Setting standards to keep mothers and babies safe
The maternal and neonatal health services in Quezon City may someday become the yardstick for quality care across the country.
The city just rolled out its online information exchange database to provide accessible maternal and neonatal health services in its effort to achieve the United Nations Sustainable Development Goals (UNSDG) on the health and well-being of its residents.
With Quezon City Mayor Herbert Bautista at its helm, together with the Quezon City Health Department and United Laboratories Inc. (Unilab), the city launched the Seal of Excellence (SoE) Plus program as part of its continuing efforts to innovate its health services. The SoE sets the standards for all private lying-in clinics across the city to reduce the maternal mortality rate.
The UNSDG stipulates that the global maternal mortality ratio should be reduced to less than 70 per 100,000 live births by 2030.
“We want to involve the private sector in the governance side of city government,” Bautista said. He added that it is also among his goals to reduce the incidence of childbirth at home by up to 40 percent. At present, there’s a city ordinance prohibiting traditional birth attendants from delivering babies and requiring all professional health practitioners to deliver babies only in health facilities.
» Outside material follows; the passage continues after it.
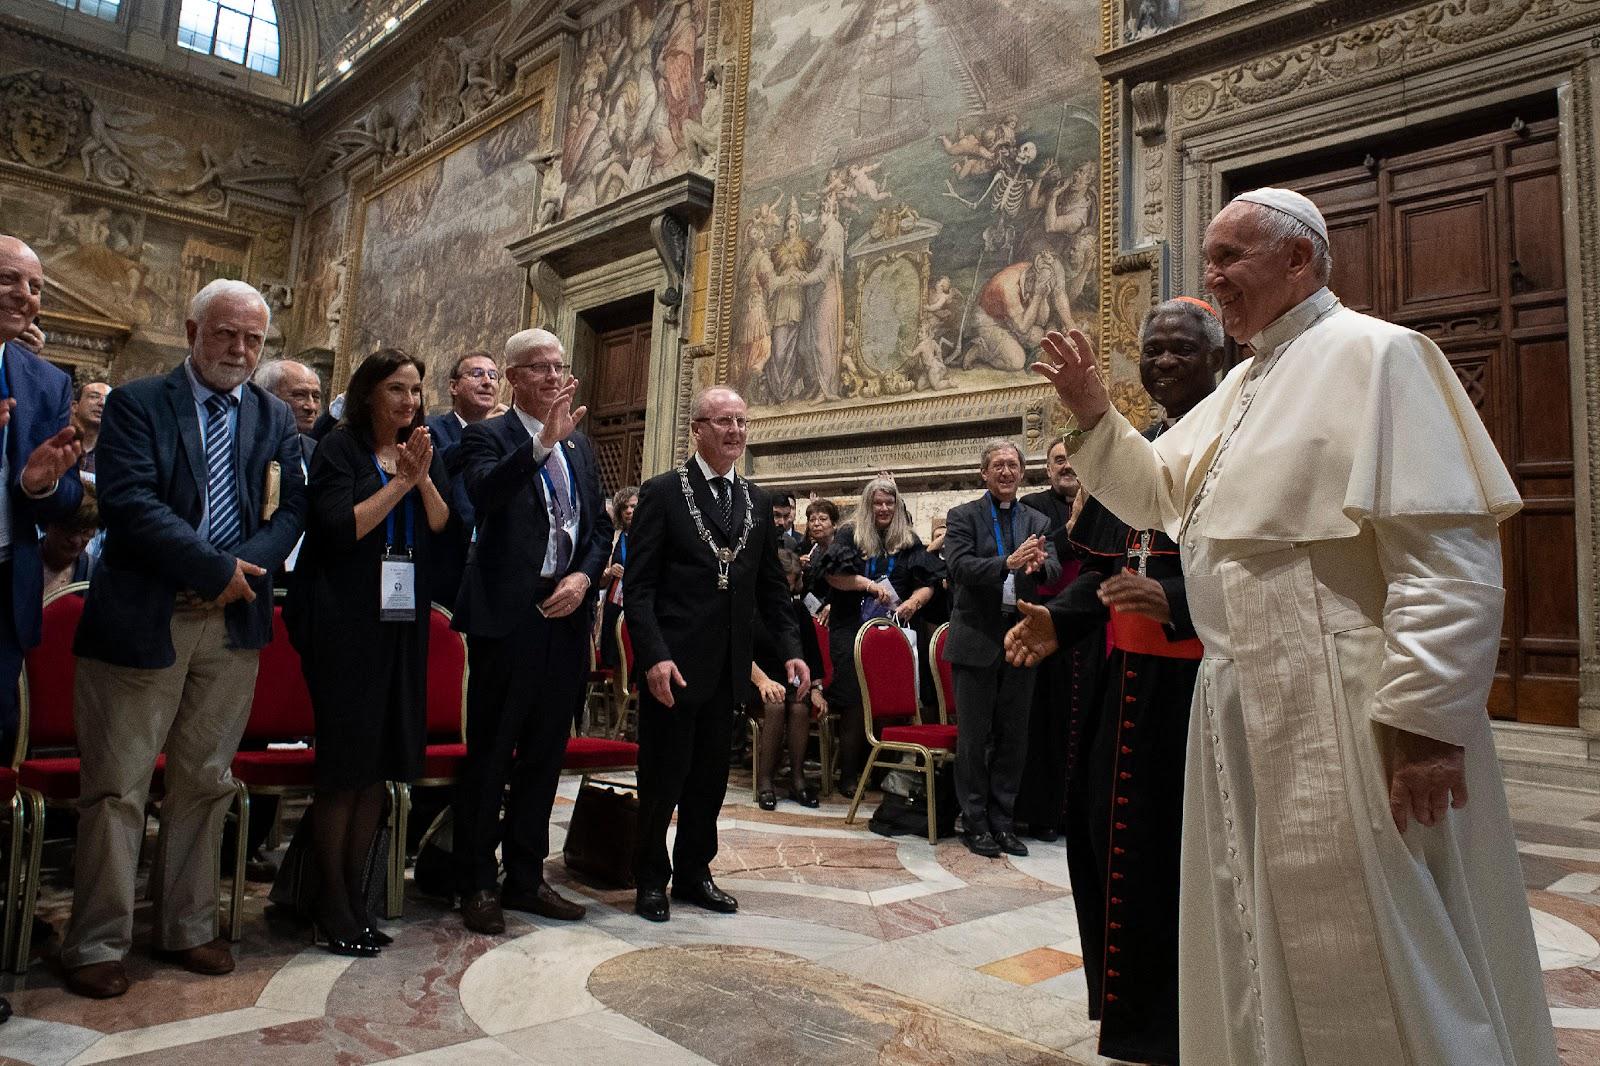 Đức Thánh Cha nói các bạn trẻ: 'Chúng con là hiện tại của Chúa, là hiện tại của Giáo hội!'

Women should give birth in a health facility to improve maternal health outcomes and reduce maternal and newborn mortality. What the SoE Plus means is allowing SoE-awarded lying-in clinics to synchronize via internet their postpartum and newborn profiles, and recognizing private lying-in clinics that comply with the Maternal Newborn Child Health and Nutrition (MNCHN) indicators.
MNCHN addresses the risks that continuously threaten the lives of underprivileged Filipino women of reproductive age and their children. It emphasizes the importance of employing committed skilled health professionals and improves access and utilization of quality health interventions.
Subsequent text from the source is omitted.